─── Dataset section

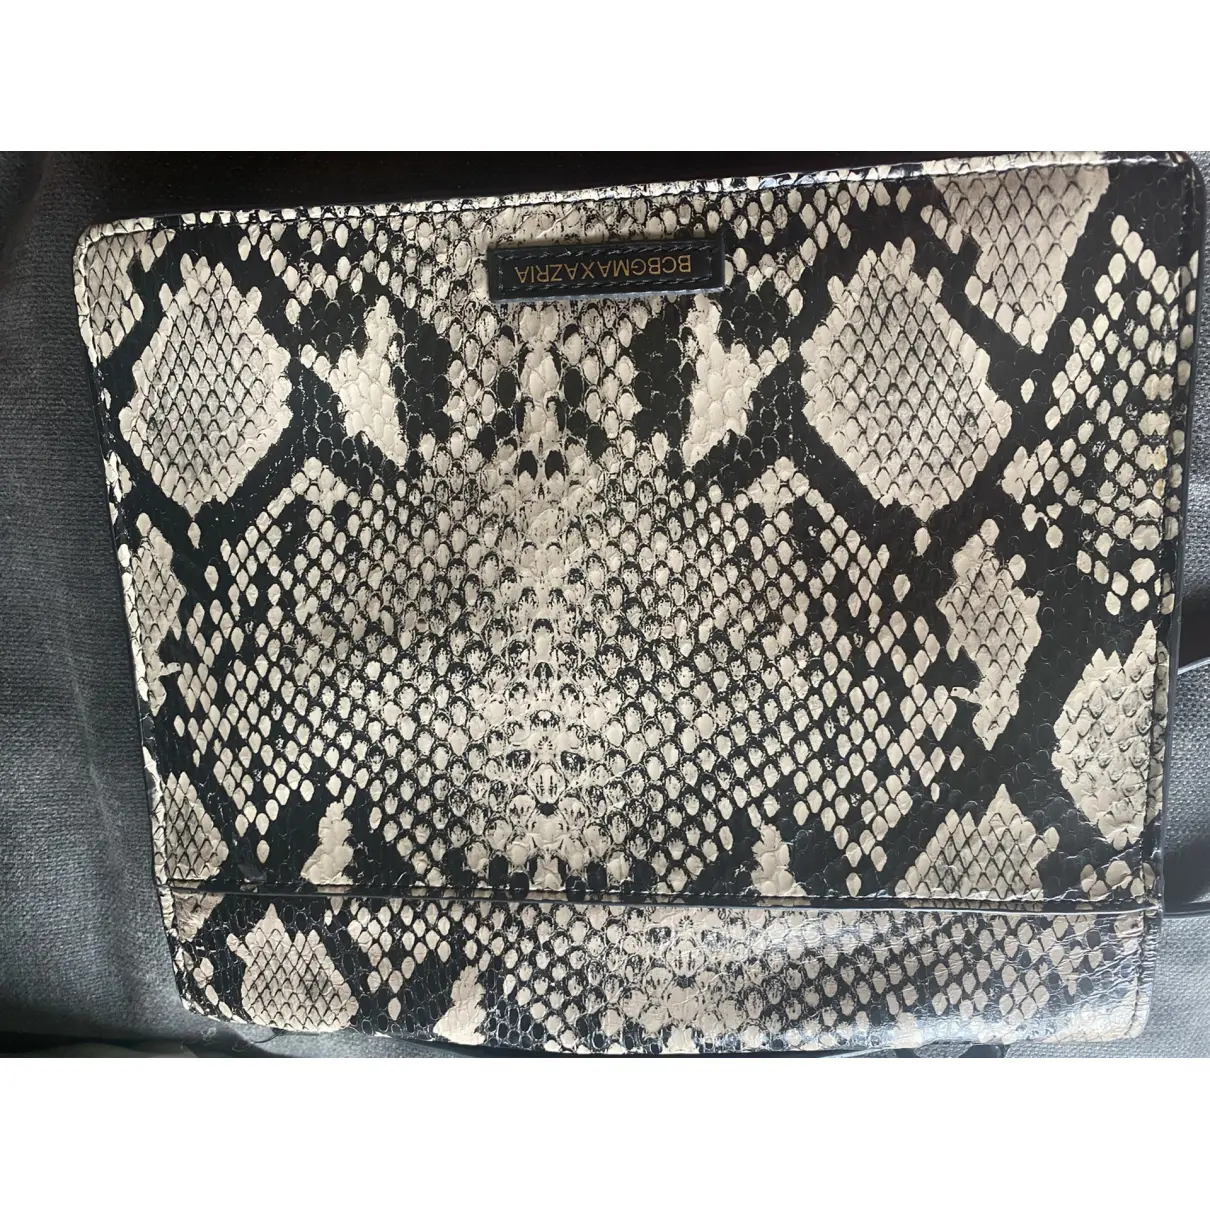 Luxury Bcbg Max Azria Handbags Women
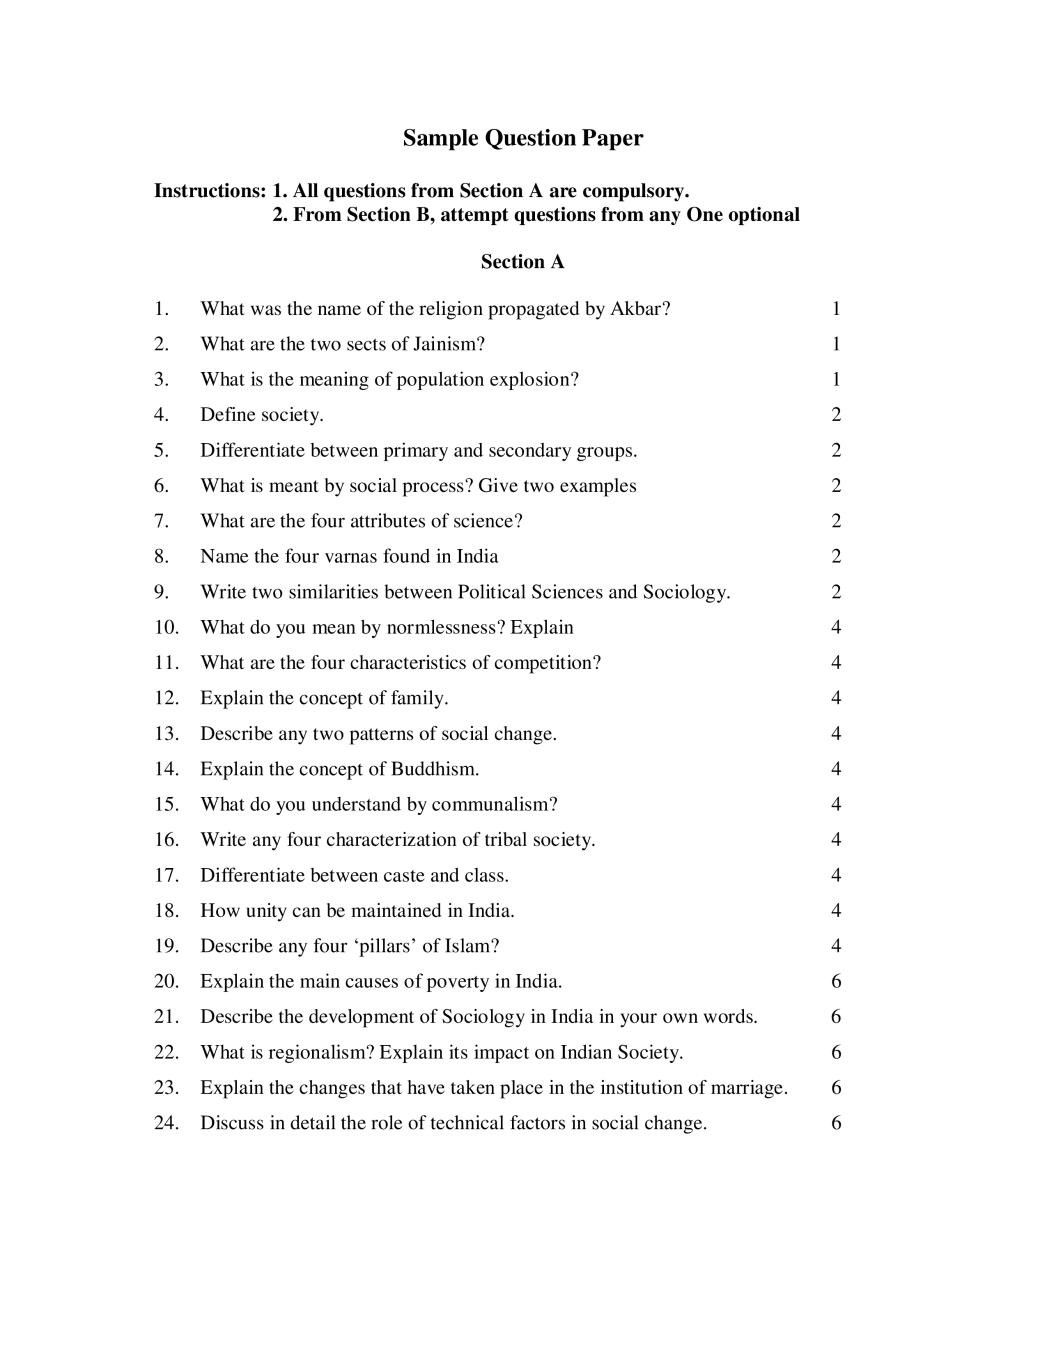 NIOS Class 12 Sample Paper 2020 - Sociology - Page 1
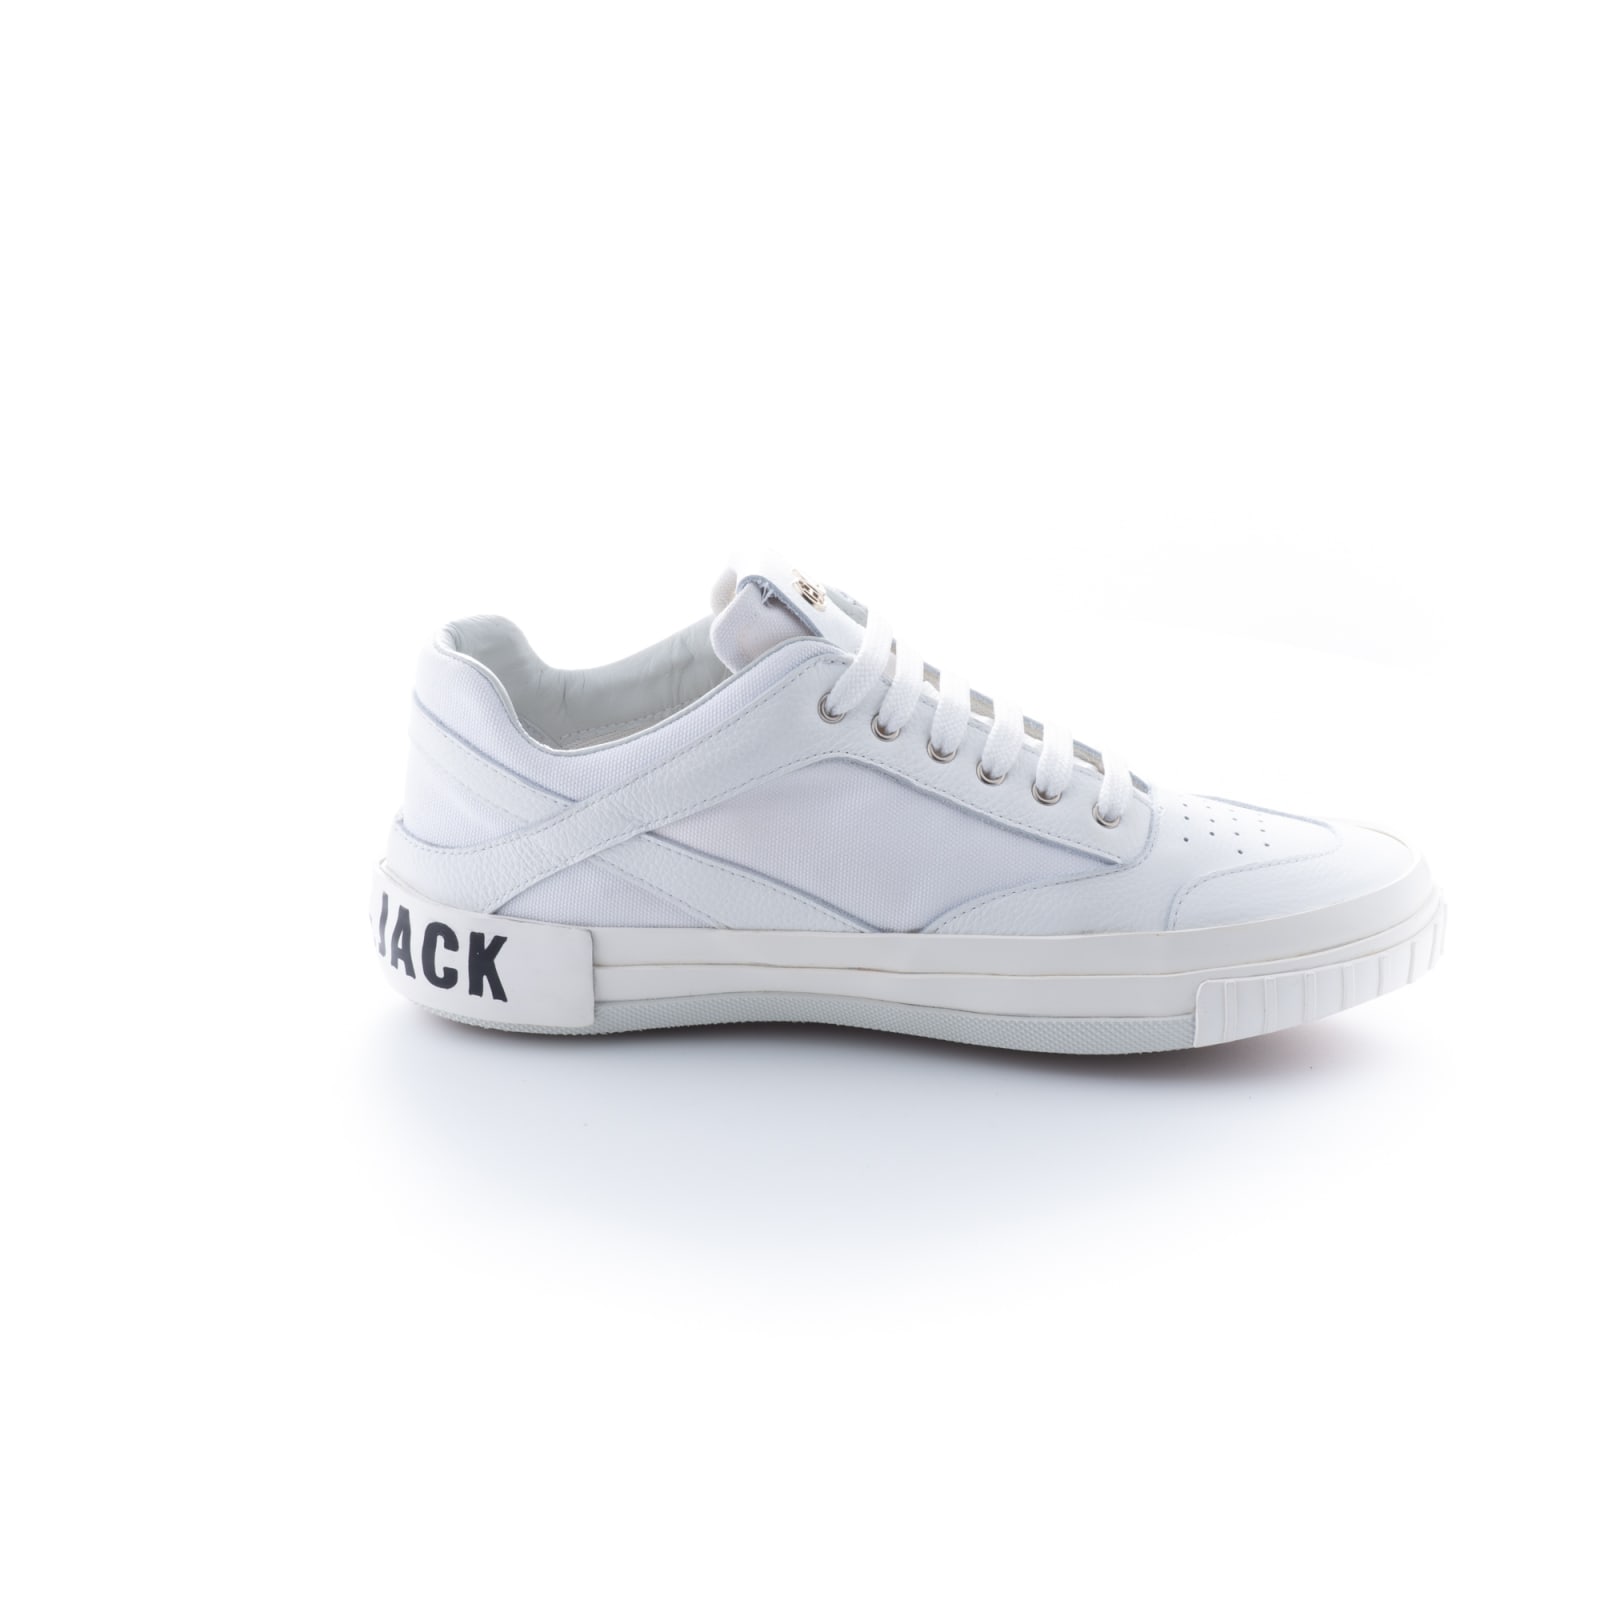 Hide & Jack Volcanic White Sneakers

──────

Retype the data in full. Images do not go in the copy.

 Luxury Bcbg Max Azria Handbags Women
 NIOS Class 12 Sample Paper 2020 - Sociology - Page 1
 Hide & Jack Volcanic White Sneakers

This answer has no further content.